In addition, the improvements in communication and collaboration via V.O.I.C.E. culturally enriched people’s perception of the world. An increased openness of societies in combination with an opening up of borders through international agreements provides an encouraging sense of opportunity. 

Lastly, this world seems full of potential. Major power conflicts have been avoided and technological progress is ongoing, while active debates about what lives to lead and societies to form are ongoing and being tested out!

Top 3 goals of the world:

  1. Implement effective strategies to alleviate poverty, with the ultimate objective of eradicating it entirely. 
  2. Develop a radical acceptance of diversity, leading to peace and collaboration and the avoidance of future war.
  3. Address the climate crisis through sustainable development practices to safeguard ecosystems and ensure the well-being of all future humans.

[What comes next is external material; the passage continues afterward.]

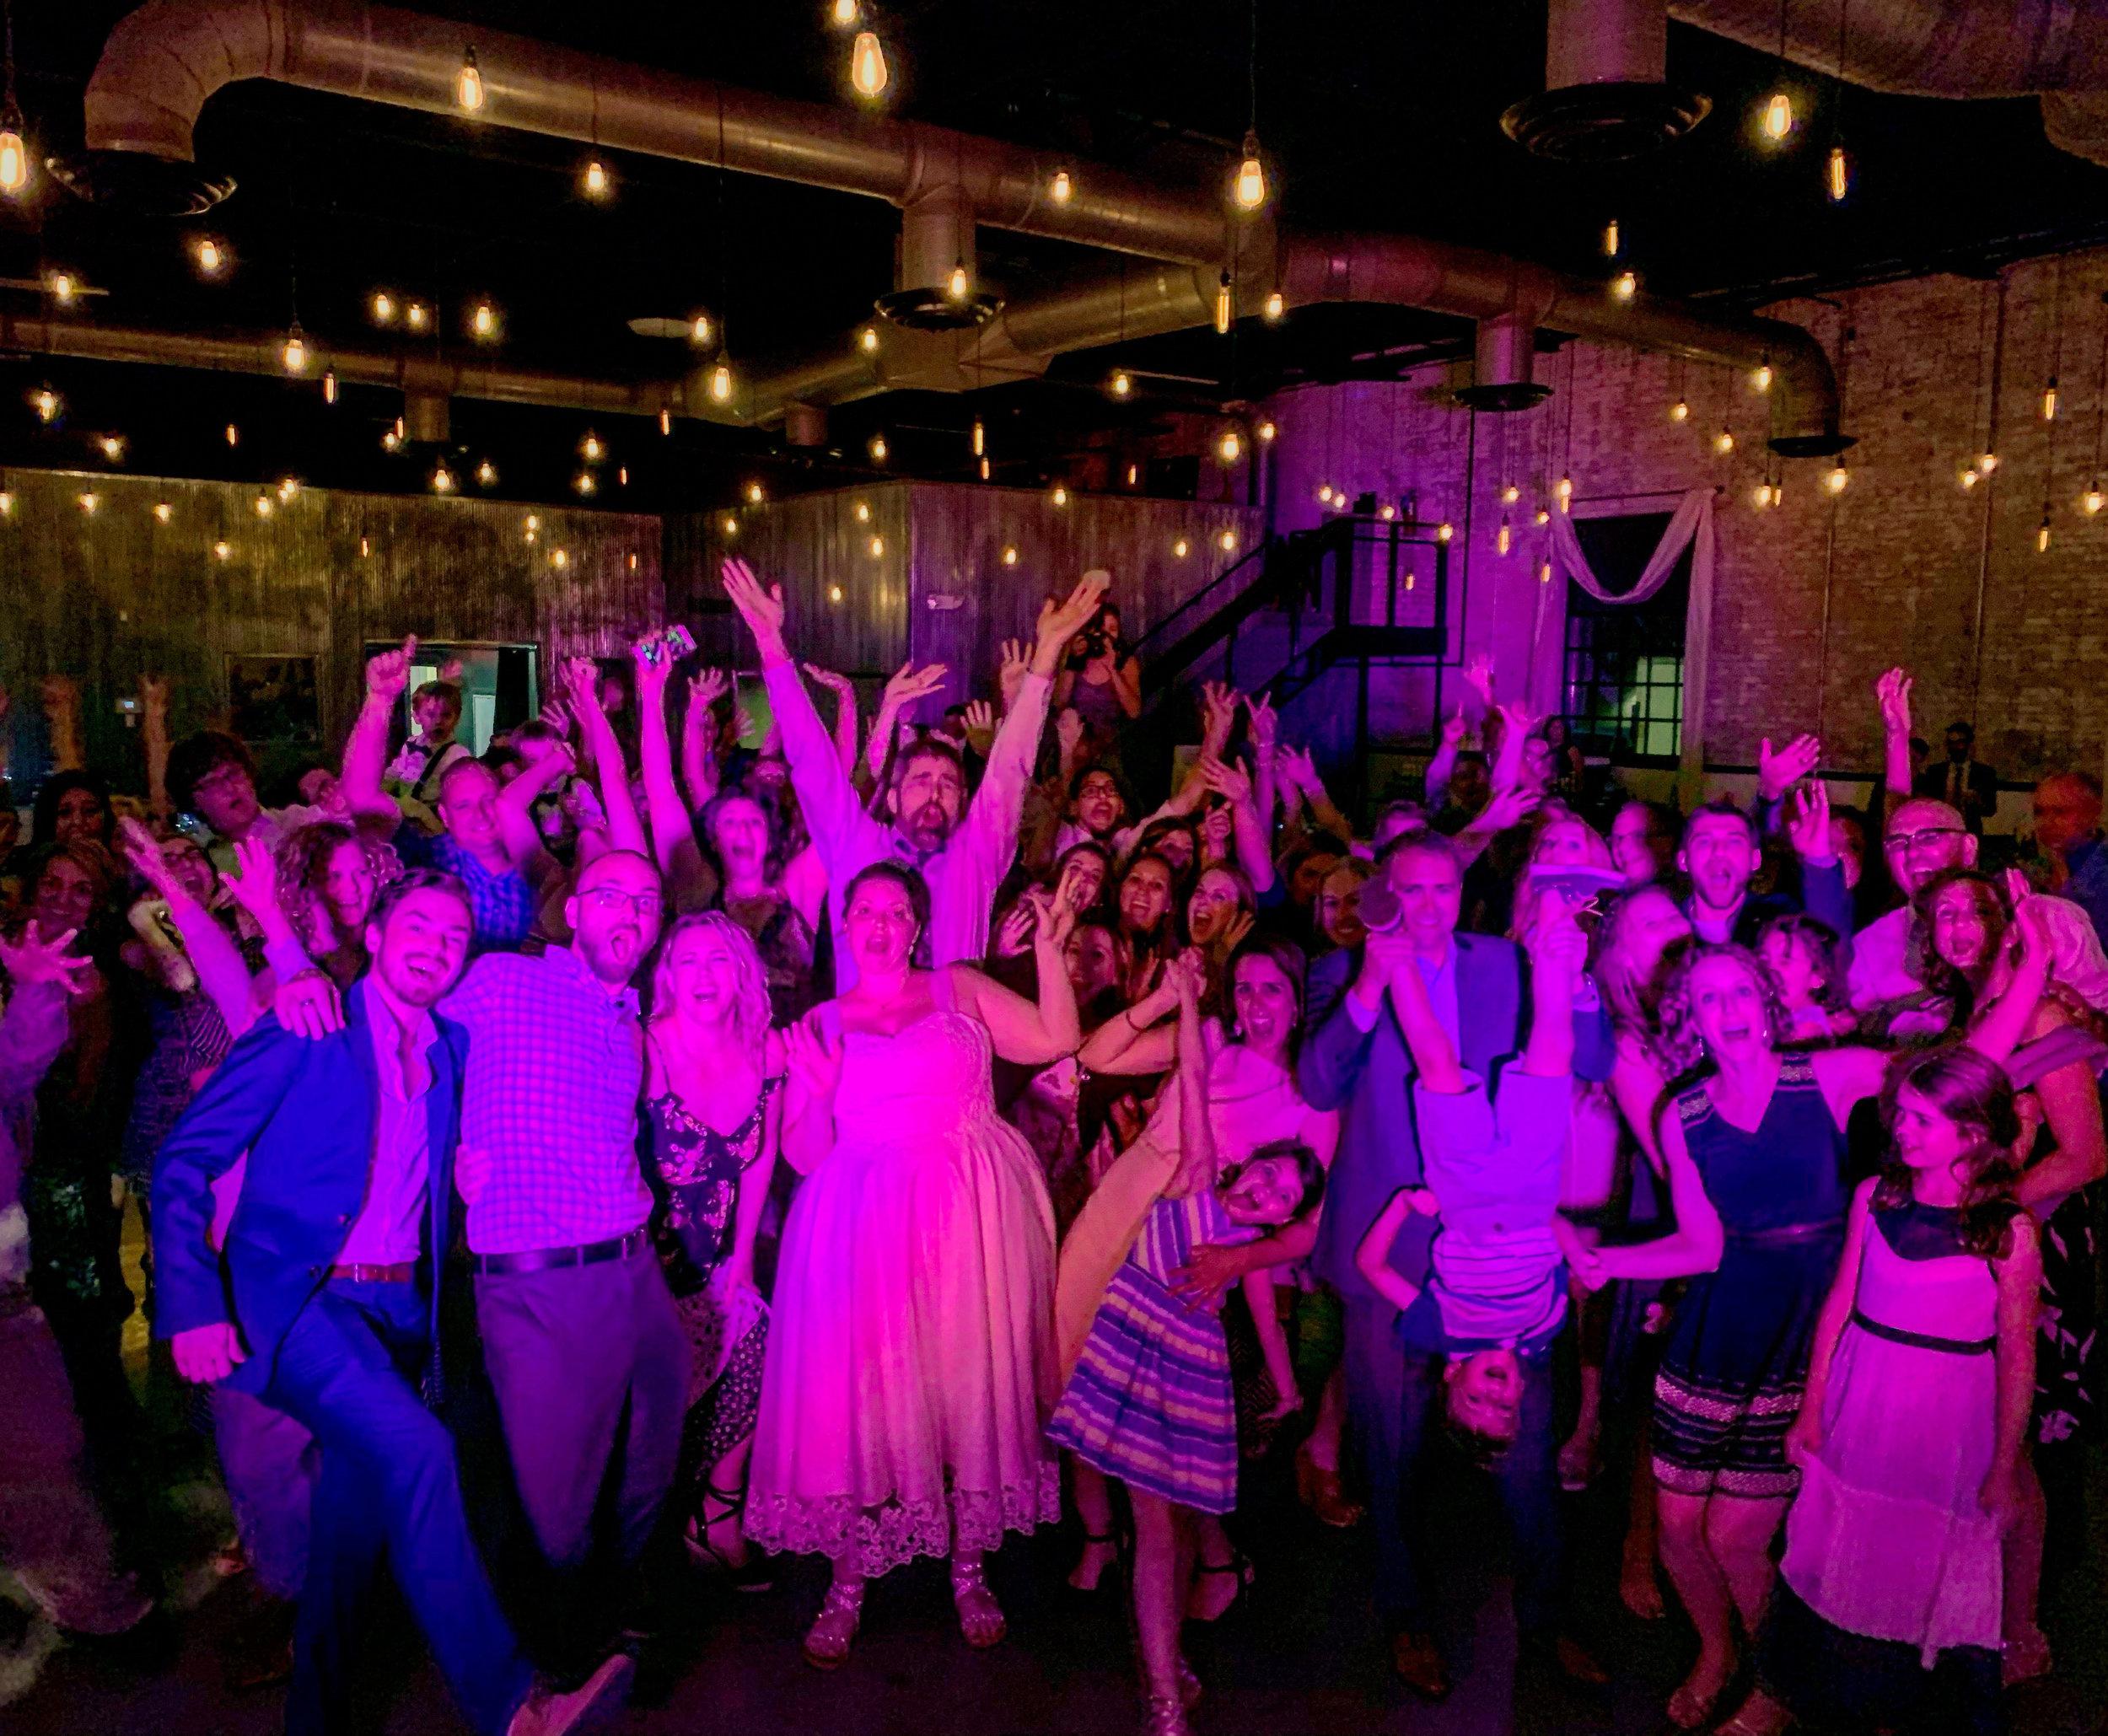 Fun wedding DJ at the Brick in South Bend, IN

Significant challenges that this world must overcome:

To realize its Existential Hope vision, the world must overcome significant technological and societal challenges. On the technological front, ensuring anonymity and preventing abuse in voting systems while verifying human votes and preventing circumvention of verification methods is crucial. Making these systems accessible to all, including poorer regions, and scaling algorithms to handle billions of preferences without losing key information or nuance are also major obstacles to overcome. Furthermore, balancing code security, transparency, and open-source development is necessary for trust and adoption.

Societal challenges include promoting collaboration and engagement across cultures by highlighting win-win scenarios and navigating the emerging global-preference-space while preventing cultural wars. Helping societies cope with increasing complexity in daily life and building trust for universal platform adoption while addressing state censorship are also necessary. Finally, gaining both bottom-up and top-down buy-in of V.O.I.C.E is essential for the successful realization of this vision.

Core Elements of this World

Technology & Science

1. What is a major problem that AI (not AGI!) has solved in your world, and how did it do so?

Major breakthroughs in collaboration and prosperity. 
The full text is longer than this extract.